The Chesterfield, N.J., township planning board has approved plans for a meat processing plant that will operate on 14 acres.

Owner Adnan Dagli testified in front of the board in October and said that he and his family have two wholesale stores in New York and a farm in Altoona, Penn., that operates similarly to the plans for the township’s site.

To start, Dagli said they plan to use the site as a processing and warehousing facility for meat from Pennsylvania. However, the site eventually will be used to slaughter about 60 lambs and 10 cows per day, once updates to the site – such as a new cooler – have been made. He testified that during the course of a few years, as the business gets new customers, the operation could grow to up to 150 to 200 lambs and 15 cows, which he said would be the maximum number the facility would be able to hold.

The site will be open five days a week from 6 a.m. until 2:30 p.m. Each day, an employee from the U.S. Department of Agriculture will be on site during those hours.

Planning Board Vice Chair Brian Kelly said the plans made sense because the site had sat vacant for a number of years after it previously had similar meat processing operations on it.

“For me personally, it was an additional benefit and assurance that the (USDA) would be on site,” he said.
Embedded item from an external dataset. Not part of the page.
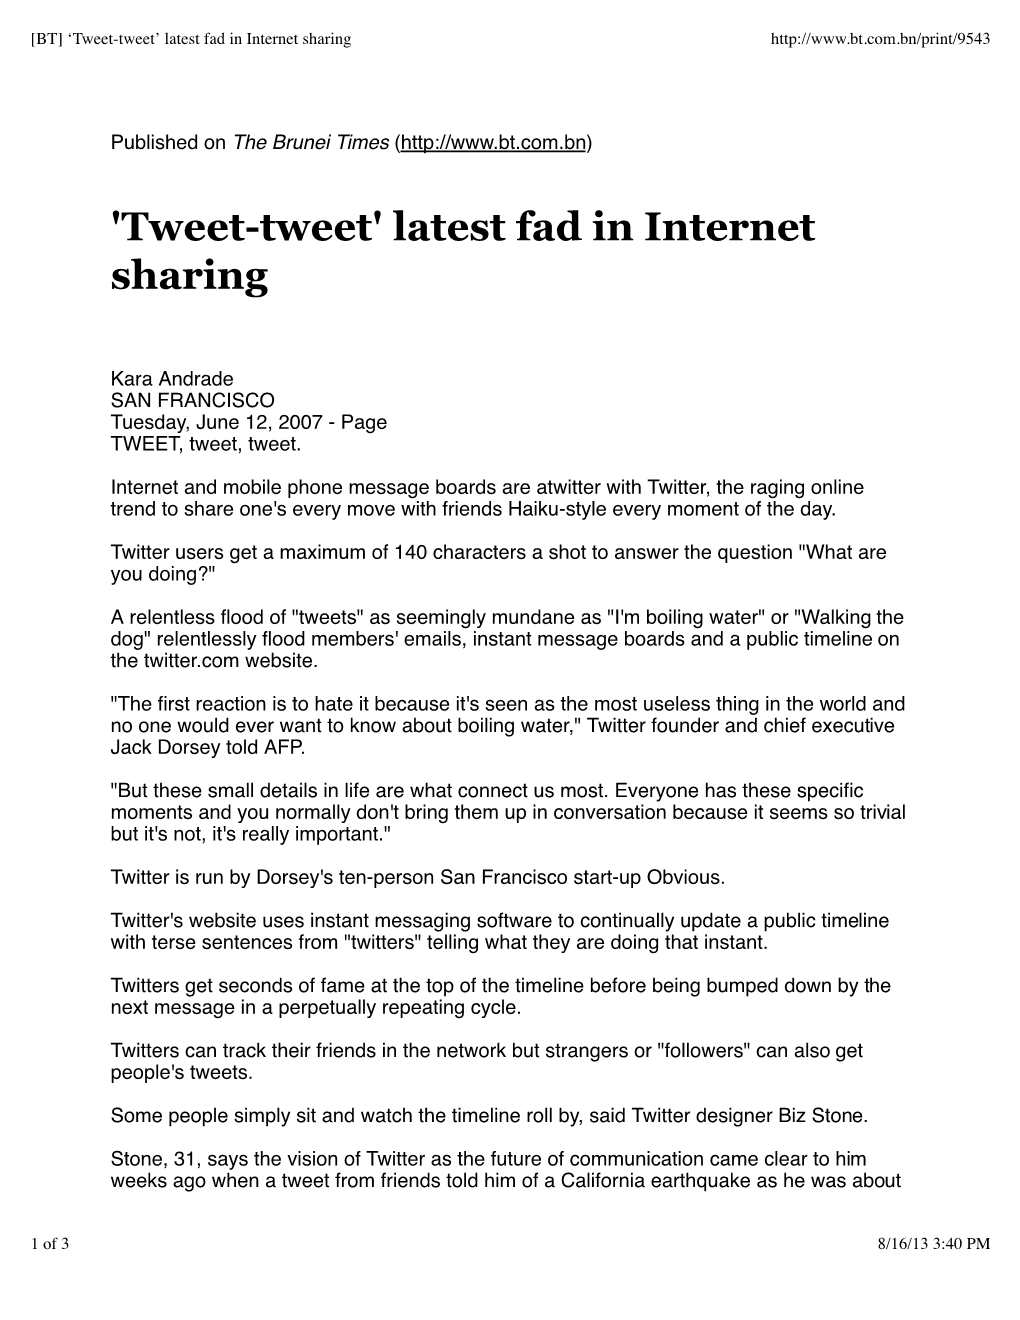 [BT] 'Tweet-Tweet' Latest Fad in Internet Sharing

Source: Burlington County Times/burlingtoncountytimes.com

MAINE

Jagger Brothers Ends Manufacturing

Jagger Brothers – which has been producing yarn in Springvale, Maine, for 121 years – will close the manufacturing division of the company, likely by the end of March, owner David Jagger said in February.
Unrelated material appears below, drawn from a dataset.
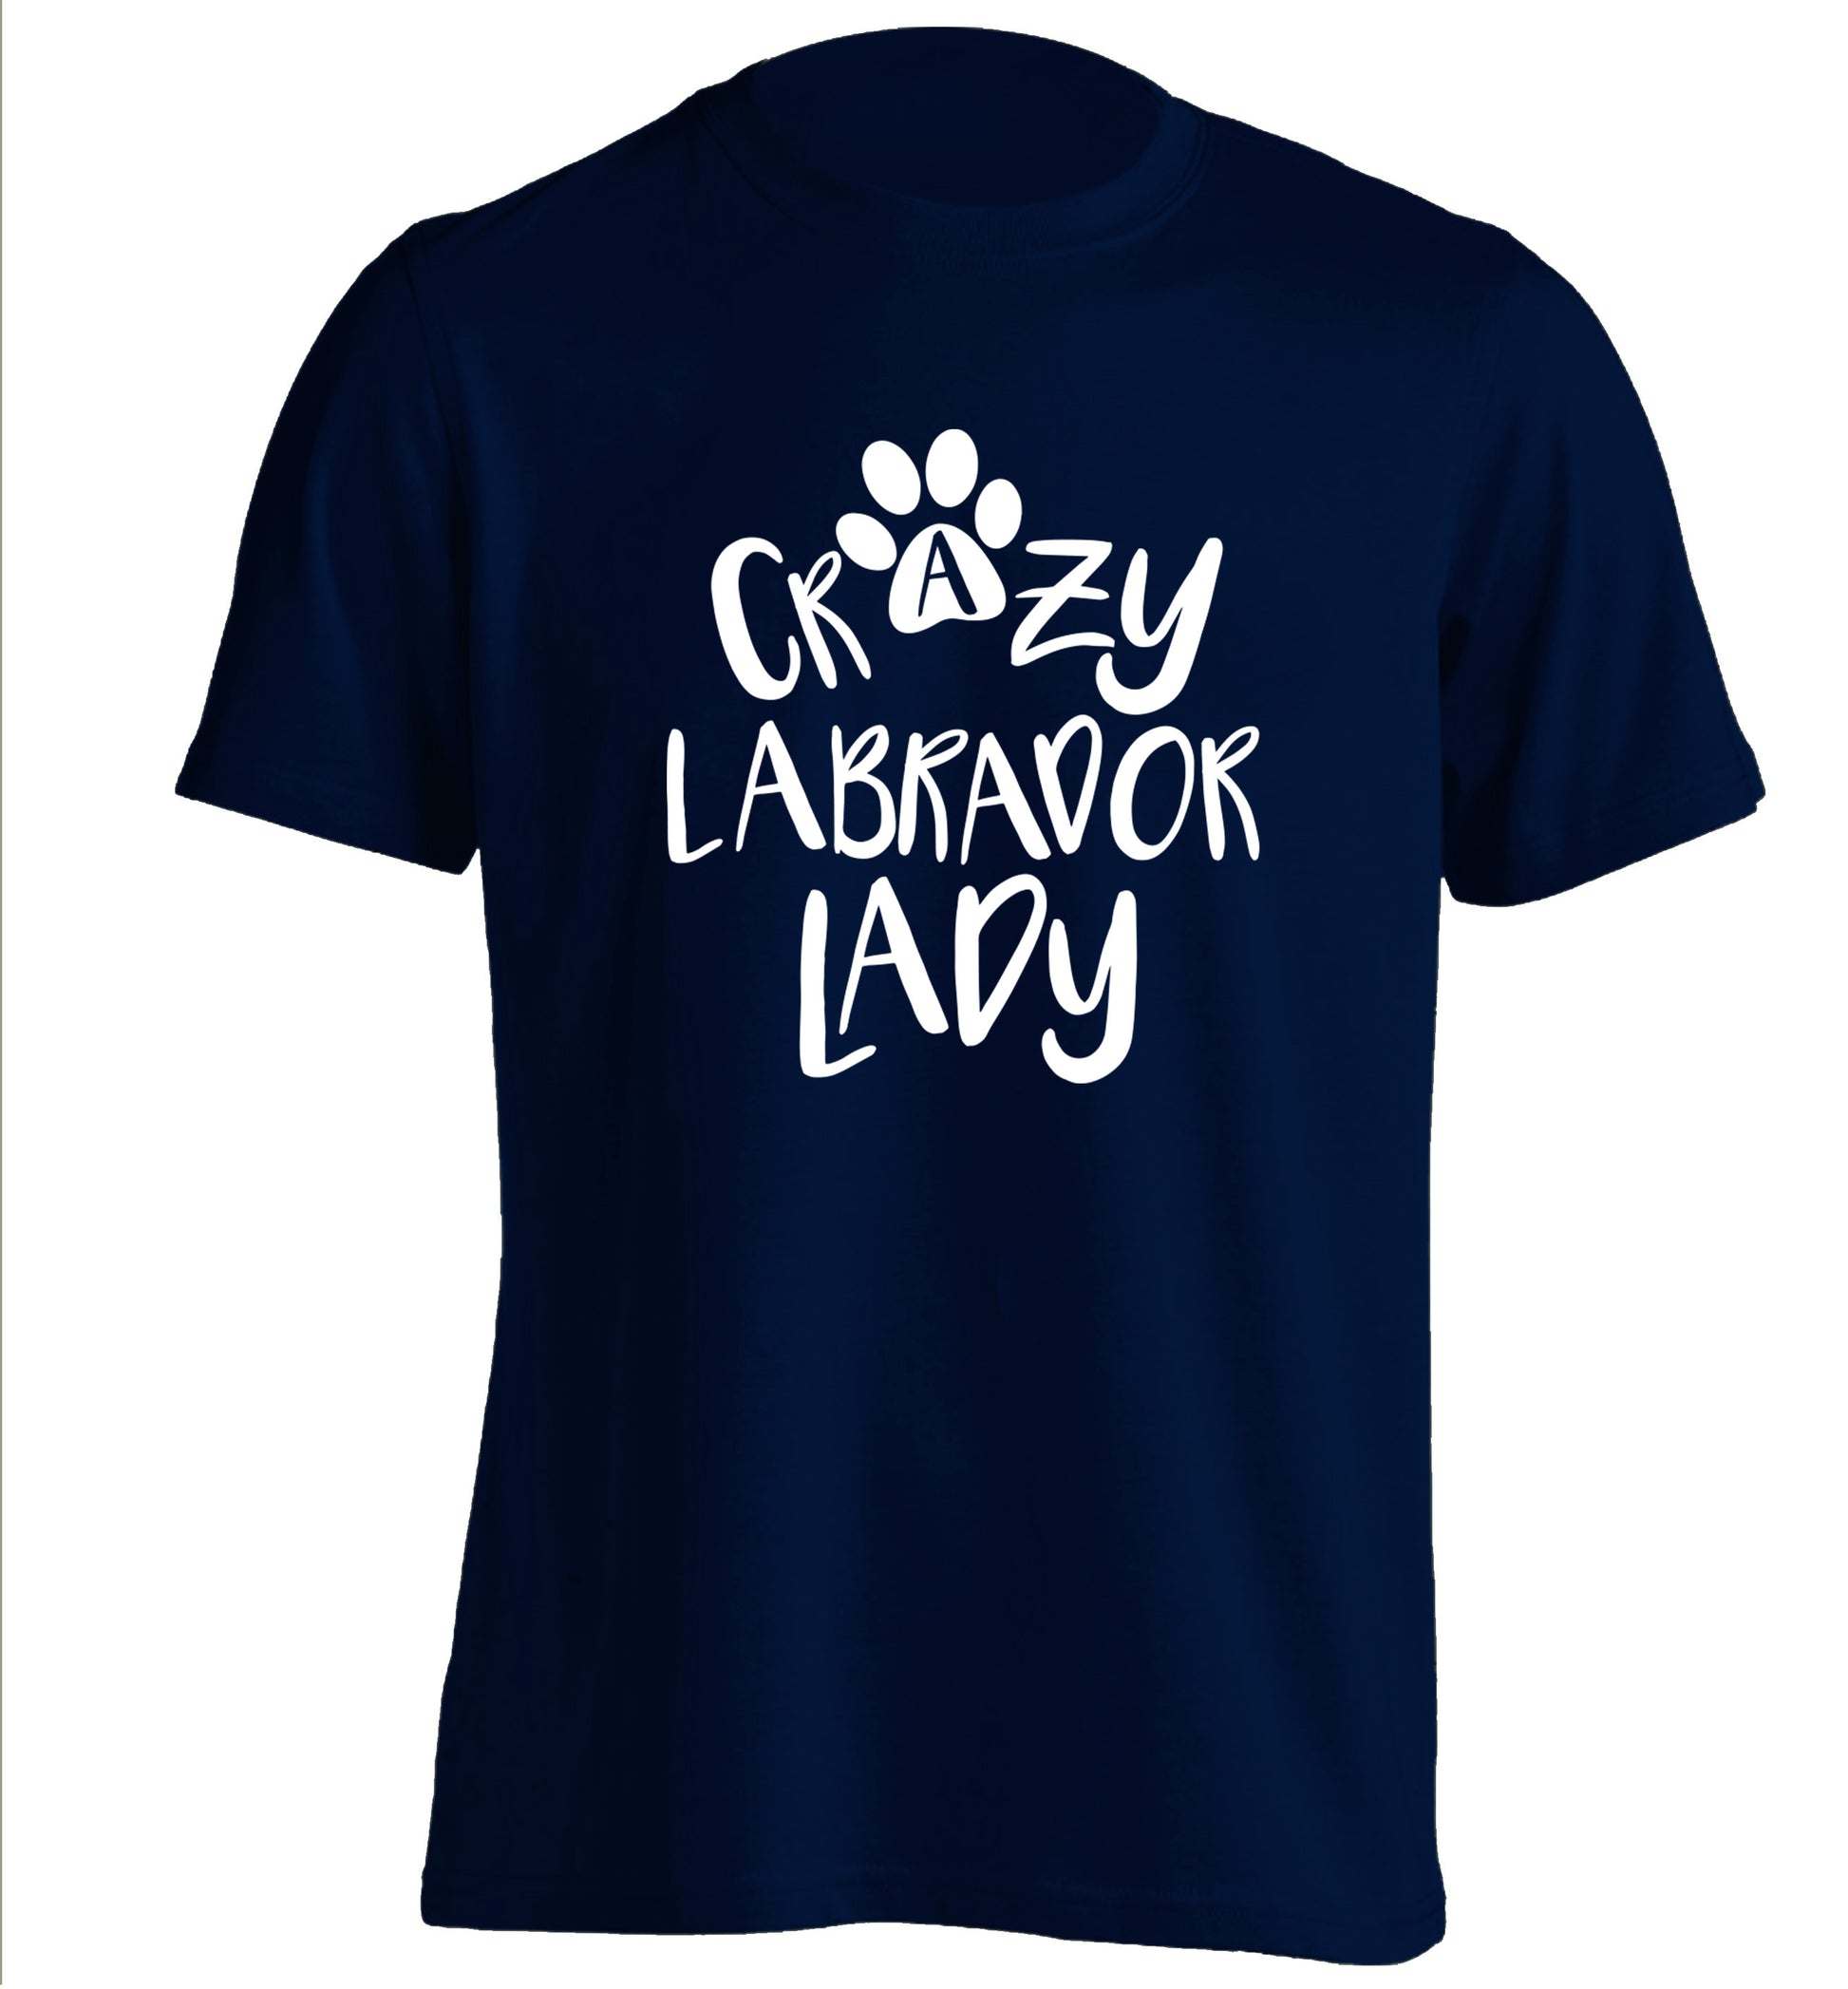 Crazy labrador lady adults unisex navy Tshirt 2XL

A separate division of the company, Jagger Spun, which provides yarn for small production facilities and yarn shops from Maine to Africa,  will continue on with a small workforce.

“We’ve been struggling with low volume of business for a few years, and trying to make it work in terms of the numbers,” said Jagger of the manufacturing facility. He said the company’s largest customer has informed him they would be importing yarn from offshore, rather than buying from Jagger Brothers. And while the company’s second largest customer planned to continue buying from Jagger, that customer itself is losing business to imports, he said.

“We were faced with an untenable situation,” said Jagger. “I chose to end operations.”